In case anyone doesn't know, Stonehenge is a circle of huge standing stones on Salisbury Plain in Wiltshire. It was constructed from about 3100 BC to about 1600 BC and served as a sort of calendar, marking the solstice. The photo of a photo at the left shows its overall configuration.
The first time we visited (ca. 1986?), we were allowed to walk right in among the stones, touch them, lean on them, etc. The second time we were there, the stones had been fenced off, and you couldn't get any closer than about 50 yards away. This time, they've struck a happier medium. A new visitor's center has been built, farther away, and shuttle buses move visitors to the stones and back (or you can walk either or both ways if you prefer). The fenced perimeter circle has been flattened on one side, so that you can you can get as close as is shown in the photos. The rain held off, but it was chilly and, as always seems to be the case on the Salisbury plain, the wind blew about 40 mph the whole time we were there.

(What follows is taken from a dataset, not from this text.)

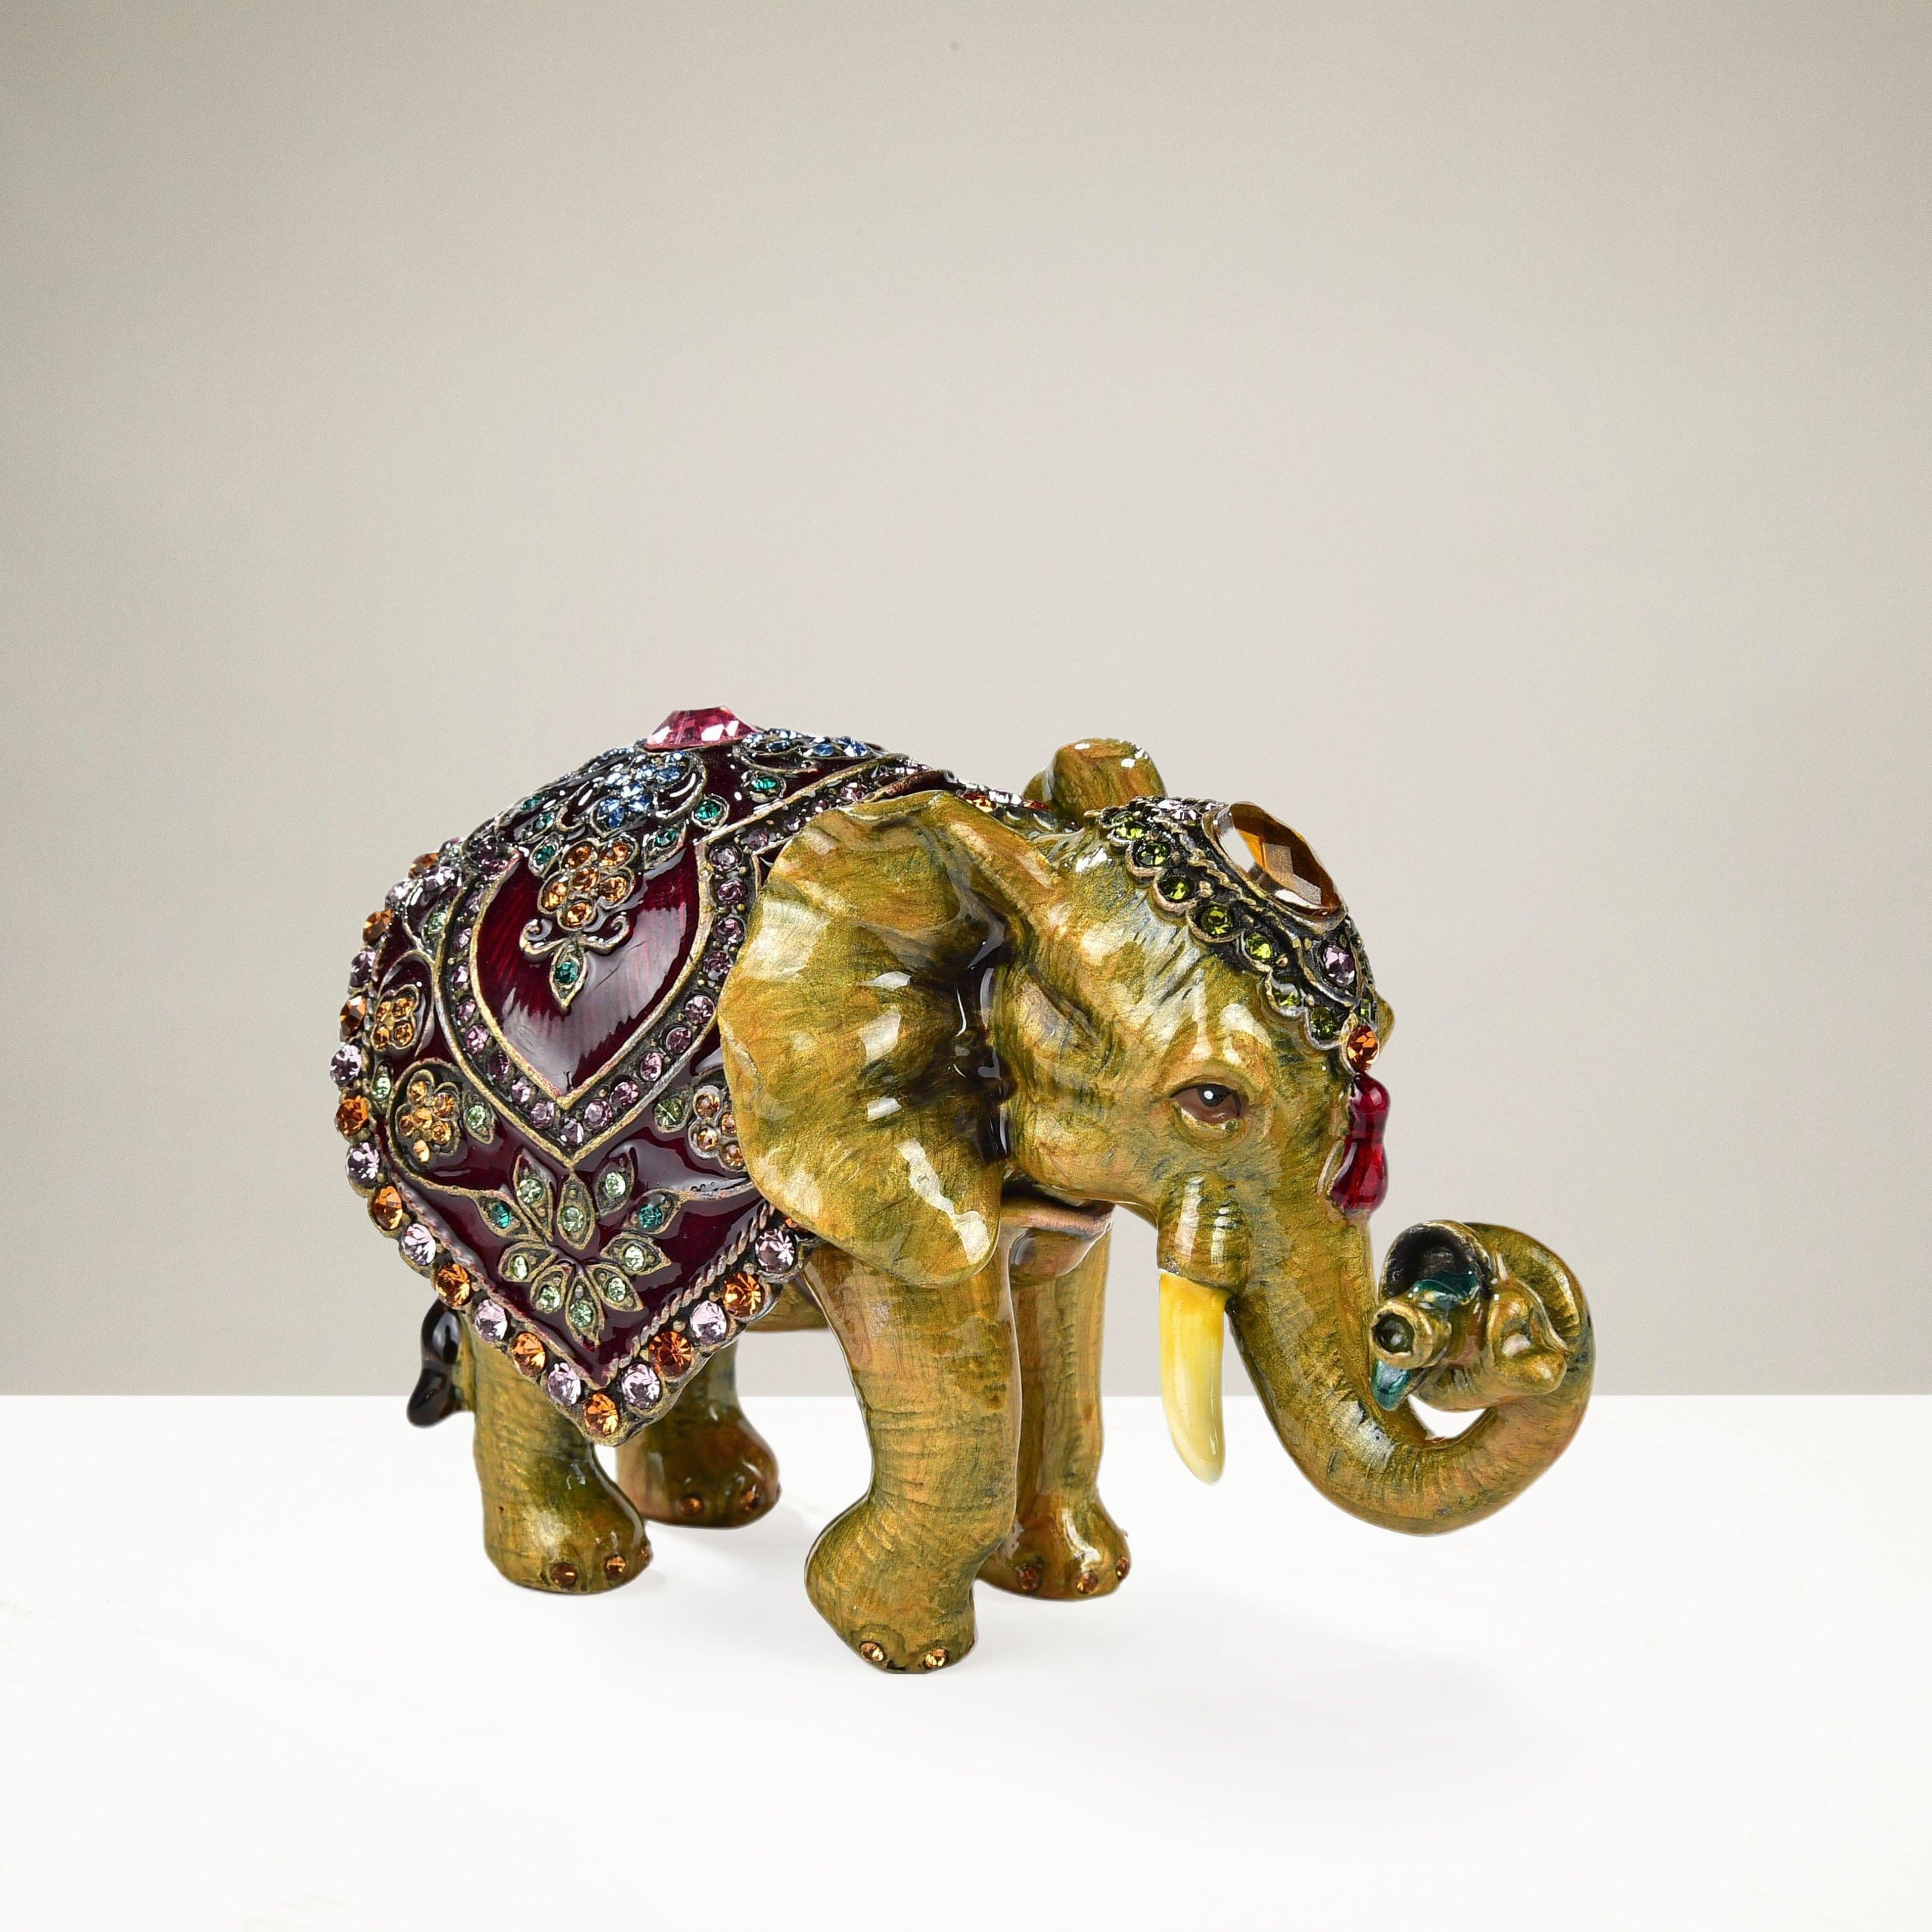 Elephant Shaker Set — Therezinha Gifts

Also visible in the surrounding fields were barrows—burial mounds. You can see three of them here, a little darker green than the surrounding grass and silhouetted against the even paler field and dark trees behind. Scattered all over the surrounding fields were grazing sheep. You may not be able to make them out at this scale, but just below the right-hand side of the right-hand barrow is a cluster of sheep being herded together by a black and white sheepdog.
Written 15 November 2025
That dog turned out to be an advance party for a pair of guys who came over the hill a couple of minutes later on a small four-wheel ATV with a second dog on the back. Under their direction, the two dogs rounded up all the scattered sheep into a single pack, then held up the shuttle-bus traffic briefly while they herded them across the road to our side and into a fenced enclosure with fresh pasture. We got to watch the whole operation while we waited in line for the shuttle bus back to the visitor center.
The museum in the visitor center was really interested, besides a "cyclorama" style video, where the viewer stood inside the circle, which was projected on the circular walls of the room, they displayed aerial views of many other stone circles and other formations in southern England. David and I once visited a stone circle so large that almost the entire village of Avebury was inside it! We could still walk among and touch the stones there, even after Stonehenge was fenced.
We didn't get to see everything, though, because the fire alarm went off, and they shooed us all outside, so I went and took pictures of the outdoor exhibits instead.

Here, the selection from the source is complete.